I plan on having a solid recall like I did for Diesel, but I know all too well that even though the dog may seem to be proofed on the recall it can still fail... Diesel had never not listened to a recall, EVER, but in November she decided for the first time not to and she got hit by a truck and died... I am now looking into getting "live stock wire" or "chicken wire" and posts and building a large run on the property for Penny, and still plan on having a great recall but I no longer will trust just having a recall


----------



## MiraC

I have an invisible fence,and it works for my Coonhound,Blue Heeler and late Dobie but there were/are times when they challenge it.
You have to make sure you keep the battery's up plus my CoonHound is a spayed female and her and the blue heeler will only leave the yard with our permission.That said my German Shepherd female pup is not spayed and I take her out and potty her and also take her out to play, we have neighbors and everyone else in the County who do not spay their animals and do not care where and how far they wander ! As long as she is intact I will take her out and bring her back in! Im going to invest in a large outdoor kennel as I ride and do not want to crate her for long hours when I'm gone.

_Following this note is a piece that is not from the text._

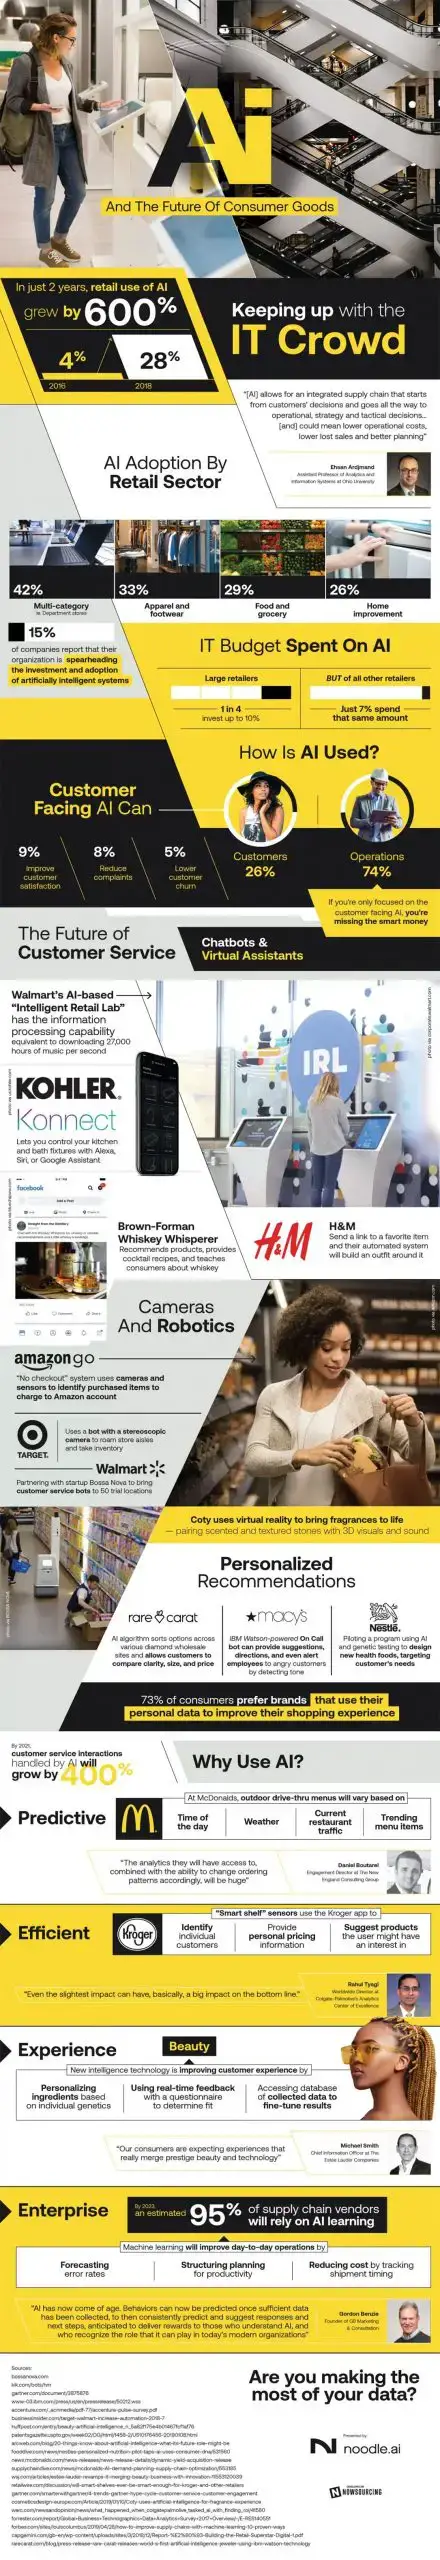 Artificial intelligence consumer

Sent from Petguide.com App


----------



## MiraC

I meant to add I don't want any beagle/ shepherd crosses ....yikes....?


Sent from Petguide.com App


----------



## irickchad

More of a training aid than a containment method, IMO. They learn if they cross the line they get shocked, but they also obviously realize there's nothing "holding" them there, so in extreme bouts of aggression or excitement they'll just jump the line...


----------



## arycrest

I've only known a few people who have had invisible fences (all had large breeds) and they all had some type of problems, either their dogs going "thru" the fence or having stray dogs and cats trespass into their yards and cause trouble with their dogs. I personally wouldn't have one.


----------



## Anitsisqua

I have one, and it's a godsend. It took a few weeks to properly train Gable with it, but it was definitely worthwhile. He respects the boundary even when he isn't wearing the collar because, by now, he knows where it is. And I have a very large yard, so he has no need to get too close to it.

He won't chase a stick over the line (and my GOD does he love his sticks), when he chases the cats he still won't cross the line...(and they know it, too!). It's been wonderful. I was really nervous about the whole thing before it was installed, but I'm so glad I got it.


----------



## fuzzybunny

I don't trust them since I know two people who have had them malfunction. A friend's dog was continuously being shocked for no reason resulting in the dog suffering a lot of pain. My brother's dog had the the knob things that rest against the neck actually burn into the skin because it malfunctioned somehow.


----------



## mandiah89

fuzzybunny said:


> I don't trust them since I know two people who have had them malfunction. A friend's dog was continuously being shocked for no reason resulting in the dog suffering a lot of pain. My brother's dog had the the knob things that rest against the neck actually burn into the skin because it malfunctioned somehow.


OMG thats horrible! I hope they are both ok! After what everyone has said about this I am definitely not going to be getting one, I will take the hit and build a run for her instead!


----------



## fuzzybunny

mandiah89 said:


> OMG thats horrible! I hope they are both ok! After what everyone has said about this I am definitely not going to be getting one, I will take the hit and build a run for her instead!


Both dogs are fine. My brother's dog healed up fine but they did have to take her to the vet. That just scared me so much even though I know it's probably rare.


----------



## LynneLittlefield

fuzzybunny said:


> I don't trust them since I know two people who have had them malfunction. A friend's dog was continuously being shocked for no reason resulting in the dog suffering a lot of pain. My brother's dog had the the knob things that rest against the neck actually burn into the skin because it malfunctioned somehow.


I have had invisible fence for years the only way I know of a fence collar burn into the skin would only be from not checking the collar and having it too tight making the prongs dig into the neck causing tissue to be destroyed.


Sent from Petguide.com Free App


----------



## katdog5911

The dog charging the fence line is a scary thing. That is why I also put a remote e collar on Stella. I am working on her recall and also trying to stop any charging the boundaries.

My old boy was a perfect dog for the e fence. He has been out there without a collar,(we forgot to put it on him) and when we lost power. He just has always respected the boundaries.

I hope to get Stella to that point. If I ever saw her cross the line, I still have the e collar as back up for now. But she has been tested and she sees that my other dog stays put, so she does too.

They seem to know that they can only go out if on a leash. Still would prefer a "real" fence.


----------



## Anitsisqua

LynneLittlefield said:


> I have had invisible fence for years the only way I know of a fence collar burn into the skin would only be from not checking the collar and having it too tight making the prongs dig into the neck causing tissue to be destroyed.
> 
> 
> Sent from Petguide.com Free App


Well...maybe if it was REALLY old...and not a waterproof collar like they are today?


----------